Conceptually, a given cell sector can tolerate a certain amount of total received power before it becomes difficult to decipher all the channels being received. If one phone uses more of that power allocation, there is less available for the others.

But this is an advantage, not a disadvantage, for it can be stated a different way: if one phone uses less of that power allocation, there is more available for the others. This is the right way to look at it, because this is going on constantly.

In a TDMA system, suppose that the phone needed more or less than the 25 kHz slot. "Less" is a non-issue because there's no way to get smaller. "More" would require that an additional slot be allocated to the phone, which would require a protocol-level exchange: the phone says to the cell "I need more bandwidth", the cell finds some other phone on that same channel and tells it to move, clearing an additional slot, then sends a message back to the phone telling it "OK, you can use this slot in addition". This might take quite a while, and by the time it's complete the need may have passed.

But CDMA actually does this dynamically and on the fly.
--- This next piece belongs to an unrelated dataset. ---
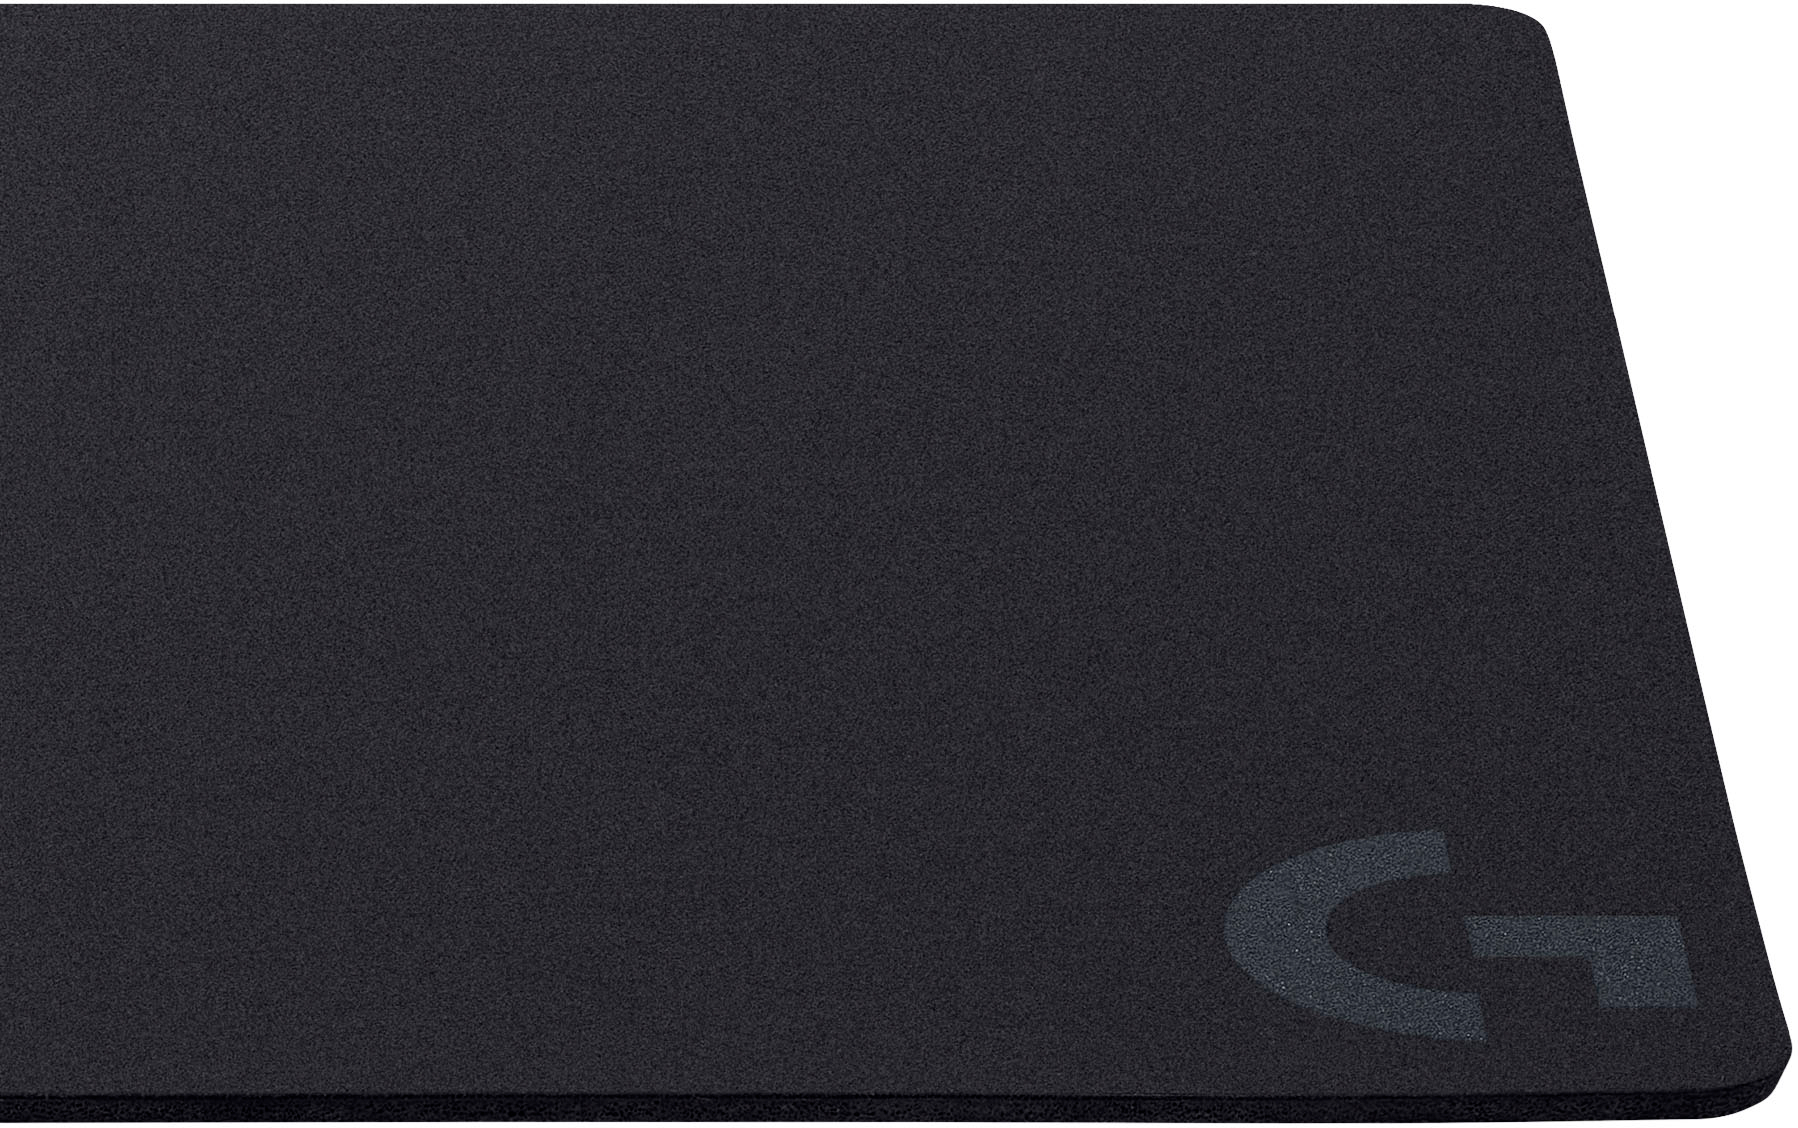 LOGITECH Tapis de souris Gaming G440 Rigide 340x280mm Noir - Tapis de Souris  - LOGITECH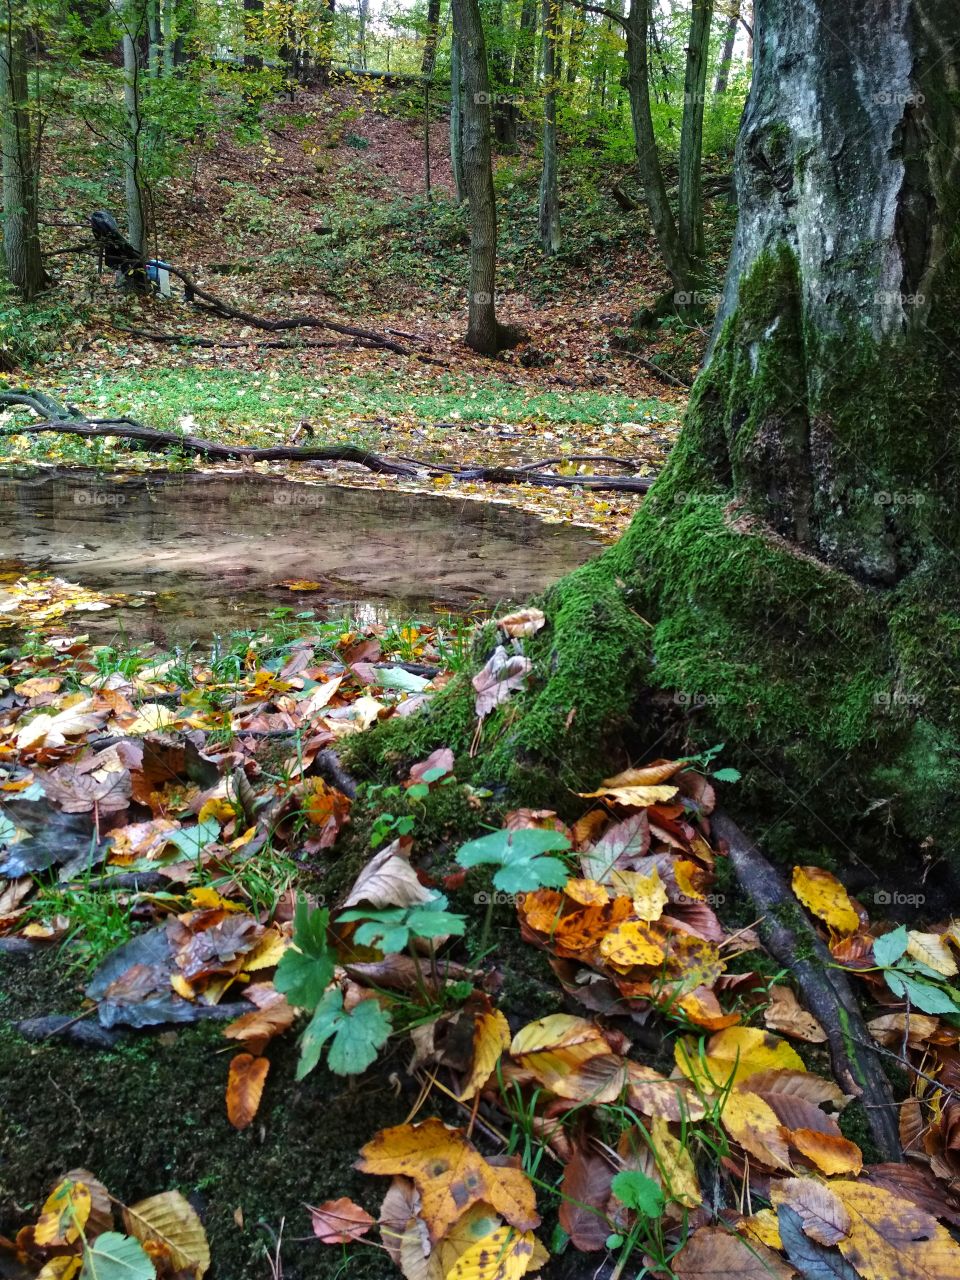 Polish autumn - leaves

When the CDMA phone realizes that it doesn't need to transmit a full digital packet, it will use a "half rate" packet, or "quarter rate" or "eighth rate", and will transmit for less time. Packet transmissions happen fifty times per second in current CDMA systems, but a phone with a half-rate packet to send will pseudo-randomly send half the symbols during the 20 millisecond packet.

Received power at the cell is an instantaneously measured quantity. If two phones are transmitting at half rate but at different times, the cell is actually only receiving power from one phone at a time. Effective bandwidth in CDMA is thus actually being dynamically allocated at all times. And when you are listening and silent, the phone drops to eighth rate and uses virtually no bandwidth at all.

This is very nice for voice traffic and is an additional reason why CDMA is more efficient in use of spectrum, but where it will become particularly valuable is when data transmission becomes a significant use. That's because common data use is very bursty, even more than is voice traffic.

Consider how you use a browser, for instance: you click a link and in a short interval your computer downloads many kilobytes of data. You then sit and read what was downloaded, and there's virtually no data traffic going on.

In a CDMA system, it would be very easy to allocate a considerable proportion of the bandwidth of a sector to a single phone for that interval. Nothing special needs to be done except to allocate that phone a considerable proportion of the power, which it could do without requesting permission from the cell.

High spectrum efficiency and dynamic allocation of bandwidth are the principle reasons why the entire wireless telecommunications industry is moving to CDMA. The current generation of GSM is based on TDMA, but the next generation will use a CDMA air interface.